Available data -
◆ ◆ ◆ ◆ ◆

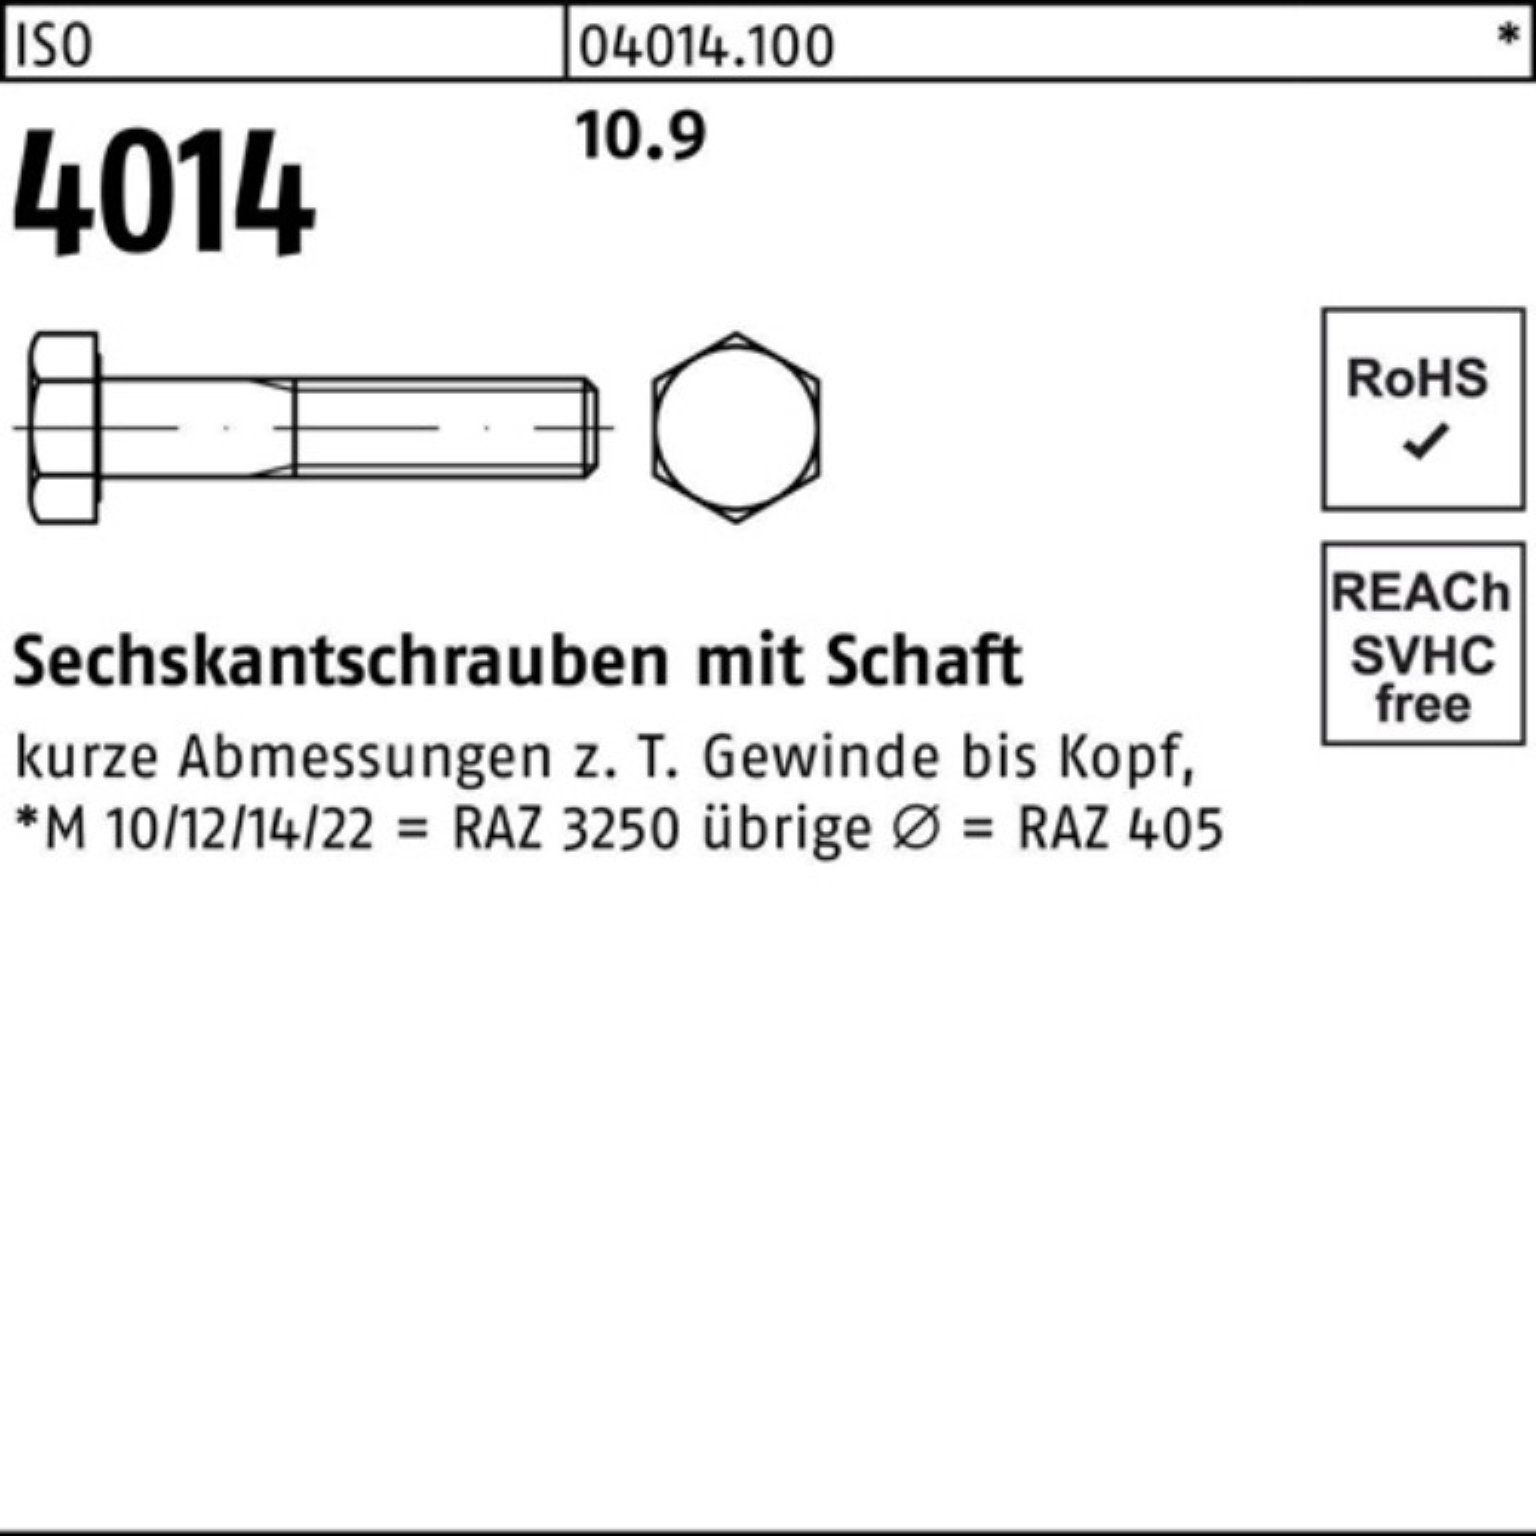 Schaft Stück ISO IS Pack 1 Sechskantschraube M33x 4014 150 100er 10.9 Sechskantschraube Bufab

◆ ◆ ◆ ◆ ◆

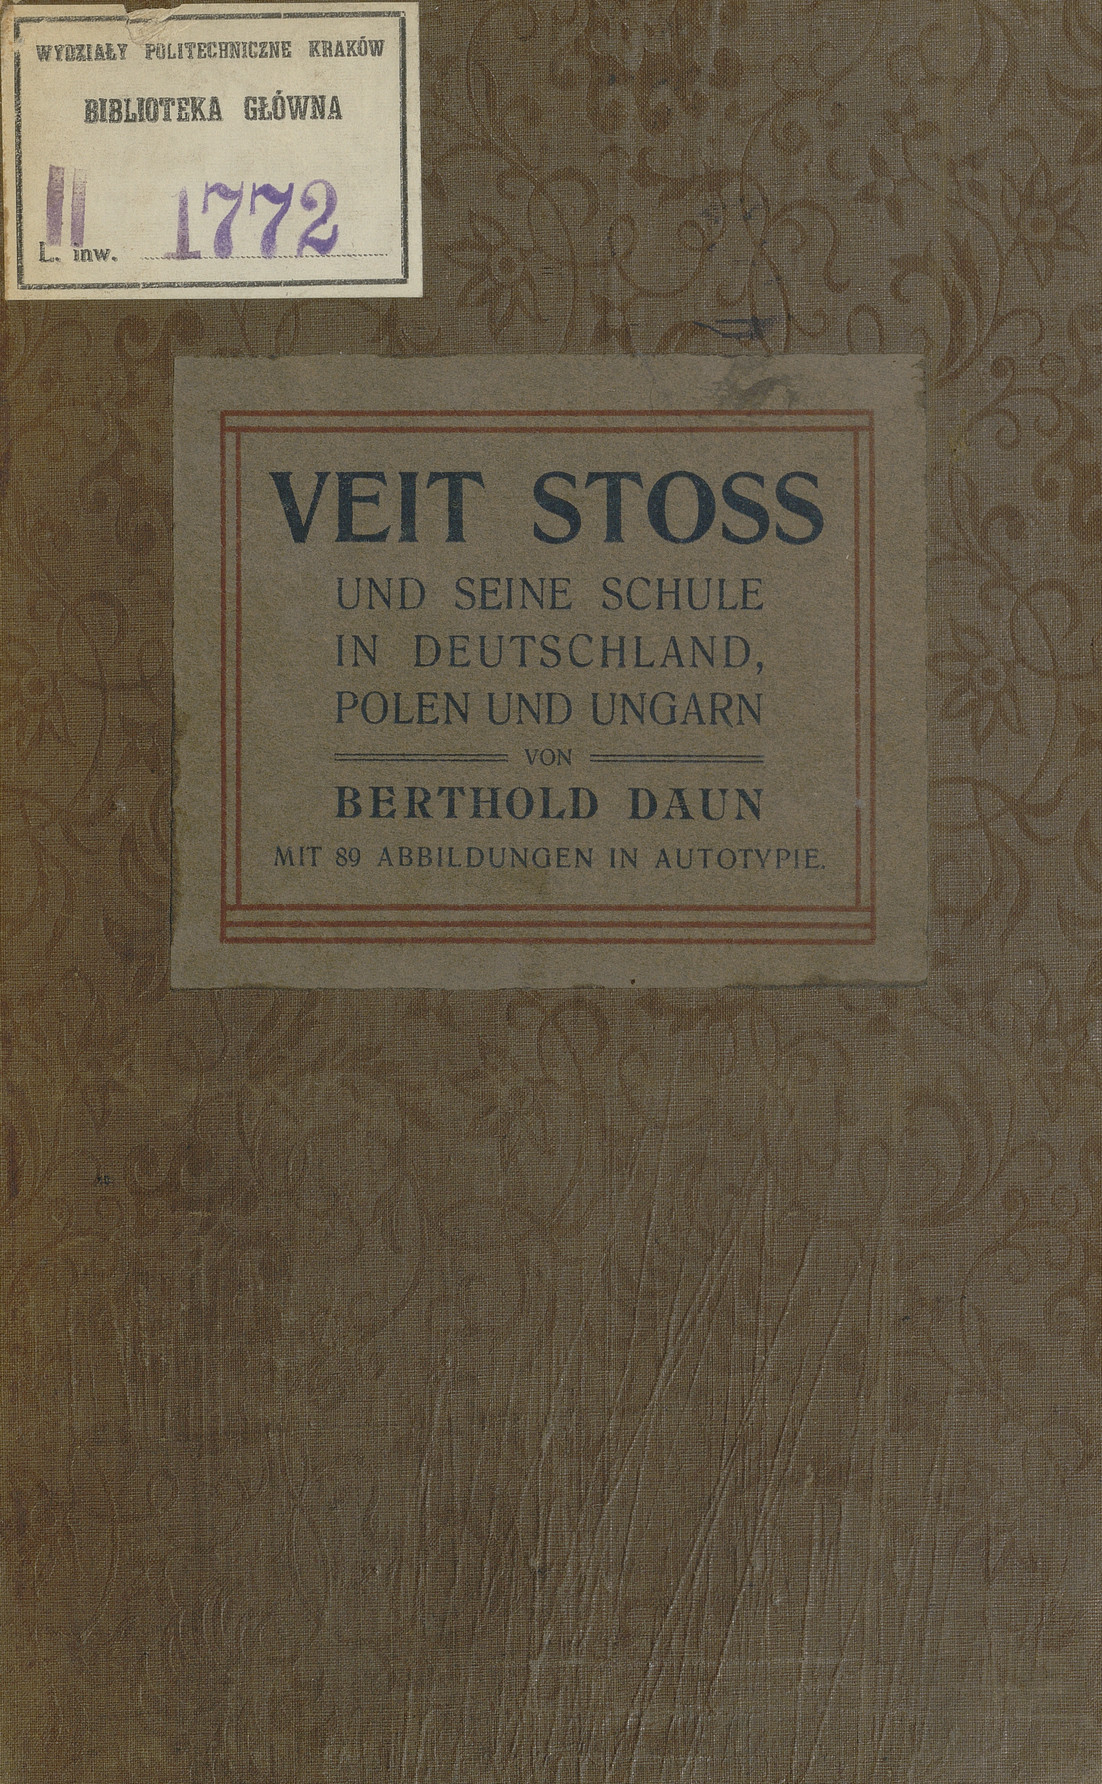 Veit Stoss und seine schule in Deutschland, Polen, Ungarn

◆ ◆ ◆ ◆ ◆

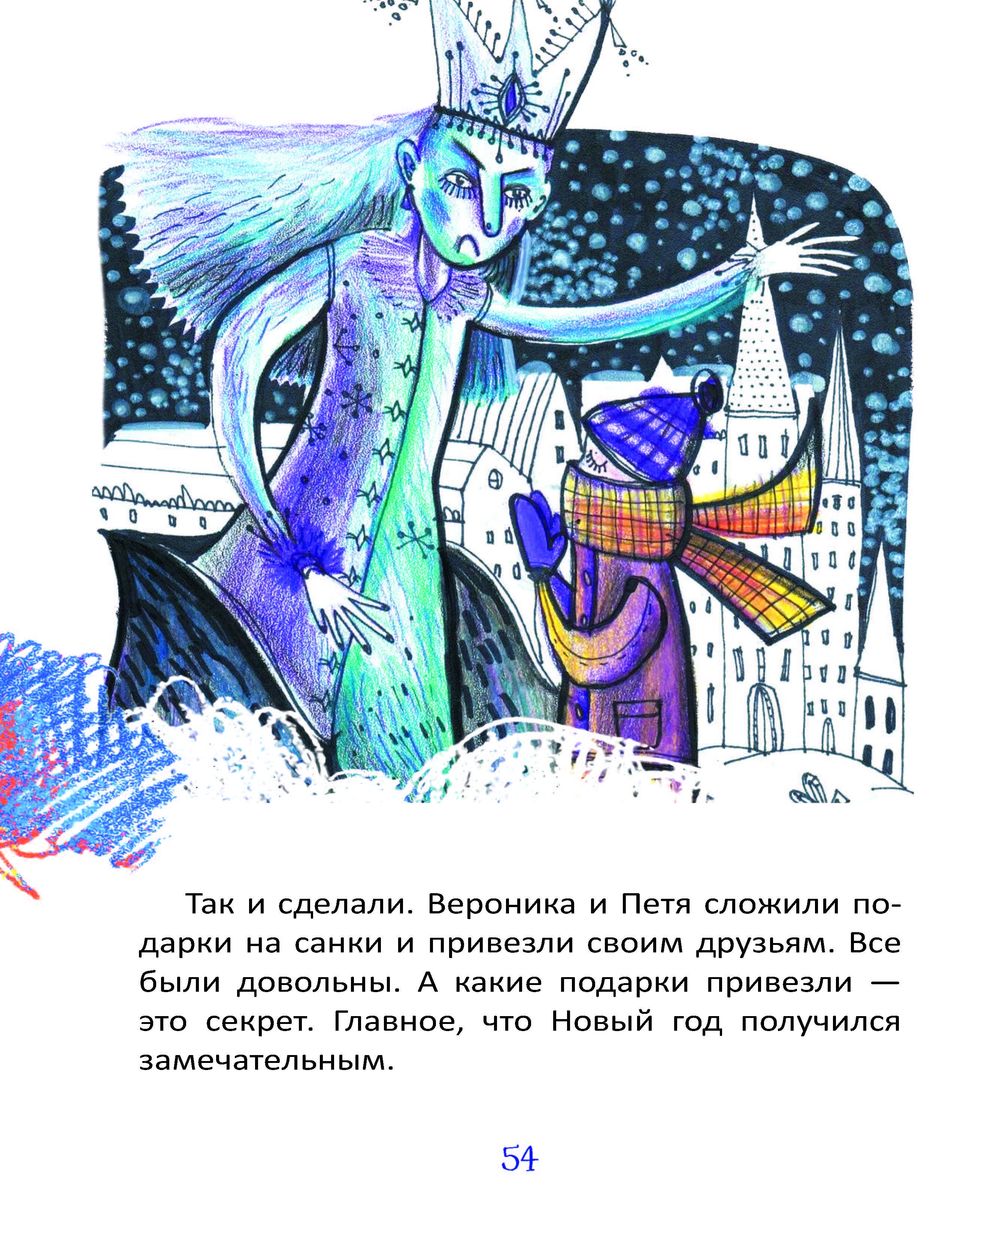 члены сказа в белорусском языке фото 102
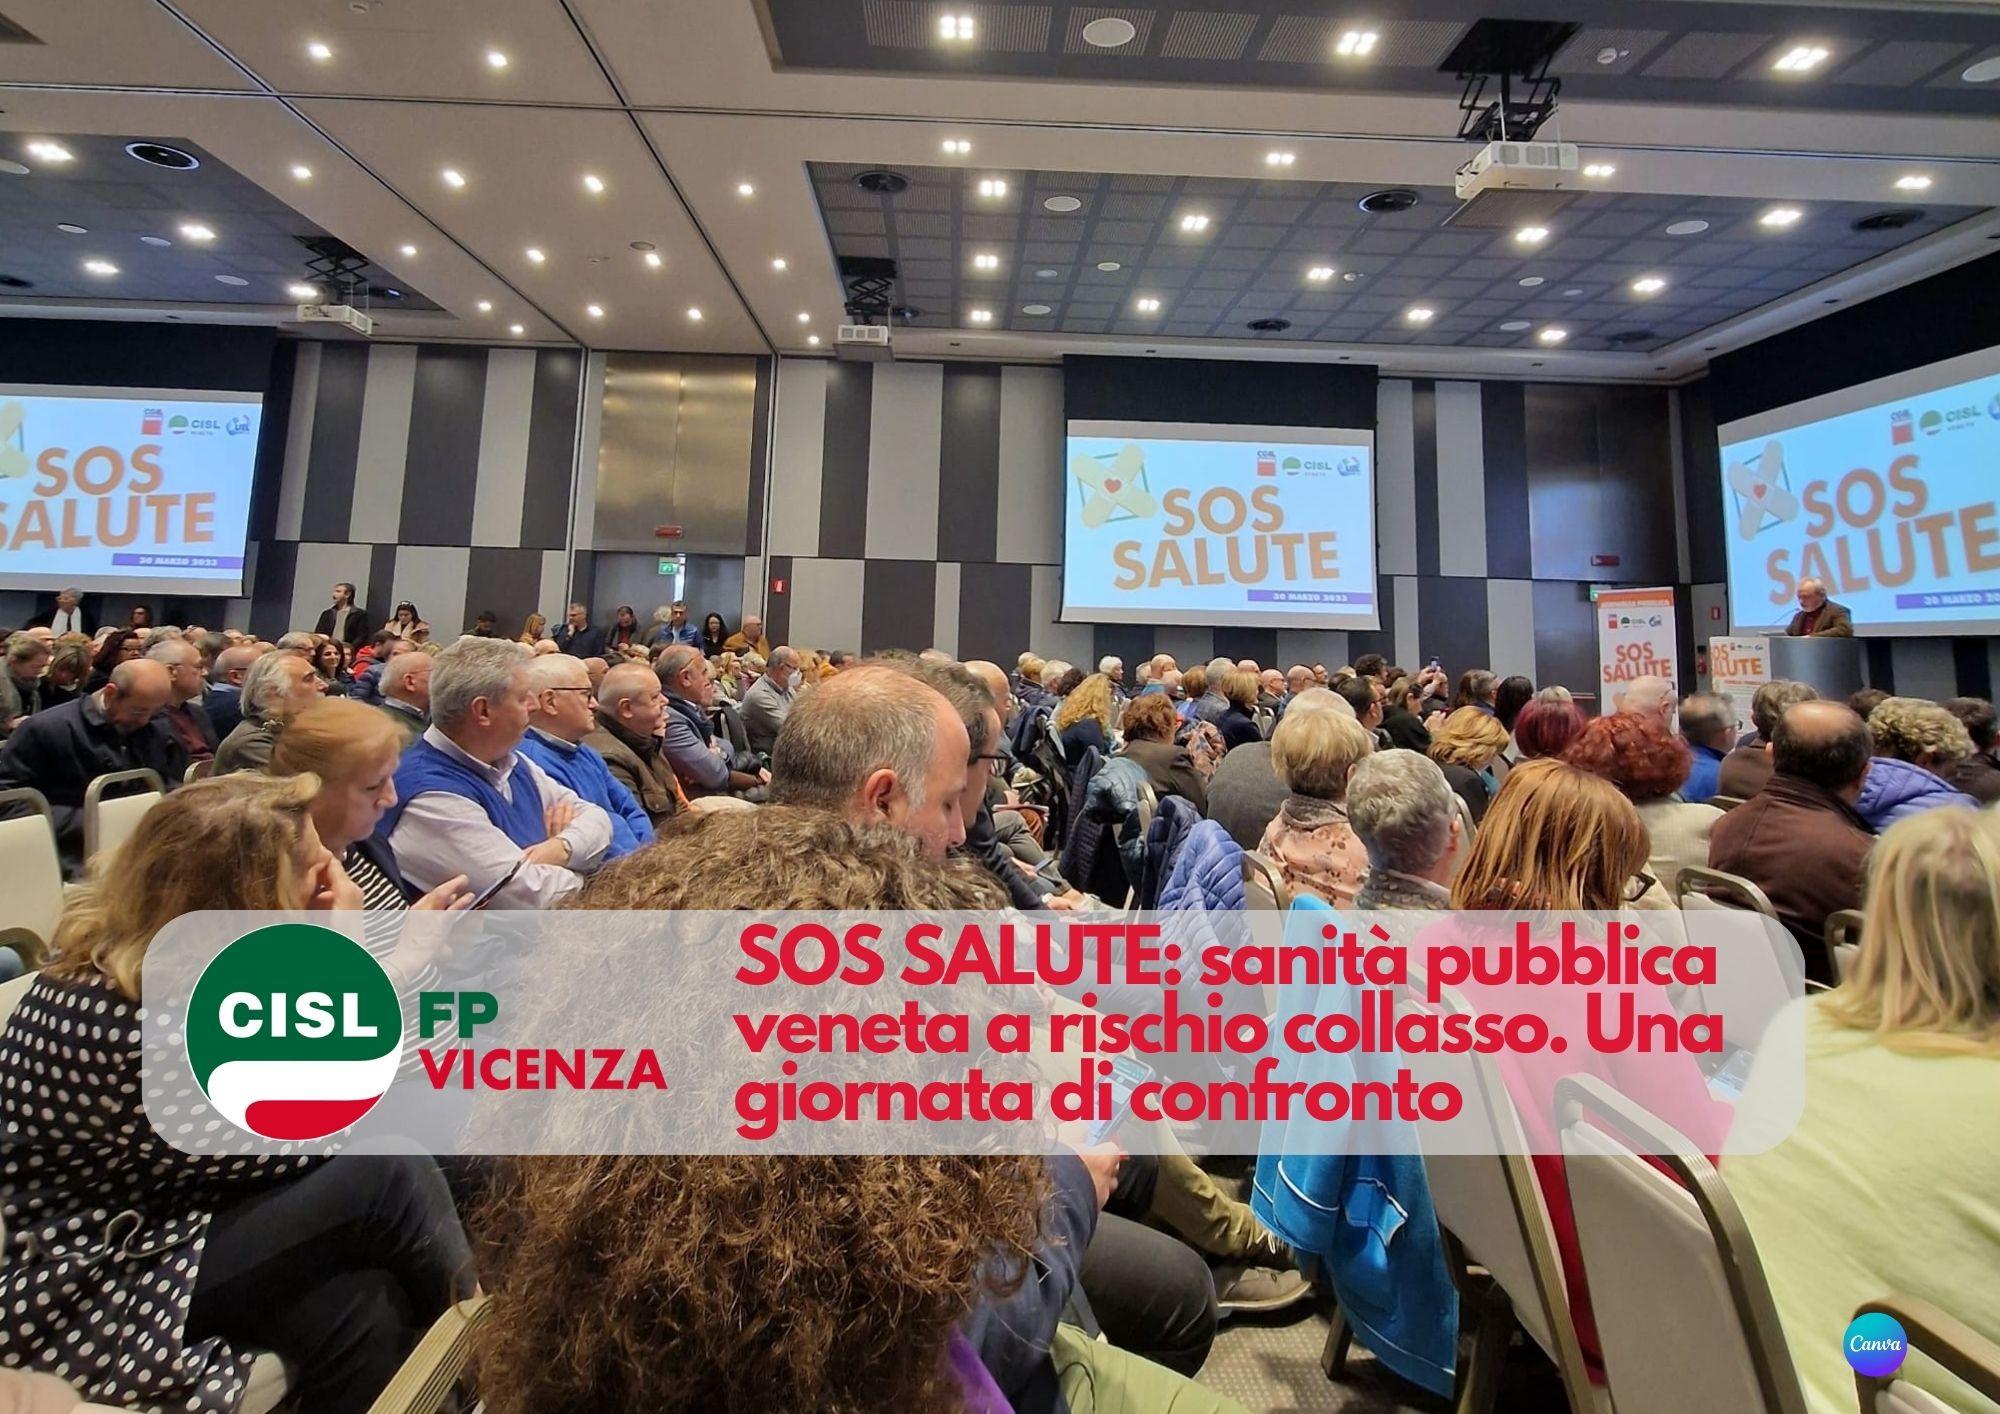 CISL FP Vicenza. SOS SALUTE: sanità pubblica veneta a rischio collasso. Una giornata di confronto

◆ ◆ ◆ ◆ ◆

Starting at the line with "члены сказа в белорусском языке фото 102" in the entries above, write out every line exactly until the line with "CISL FP Vicenza." has been written. Include no pictures and nothing more.

Exercise output -
 члены сказа в белорусском языке фото 102
 CISL FP Vicenza. SOS SALUTE: sanità pubblica veneta a rischio collasso. Una giornata di confronto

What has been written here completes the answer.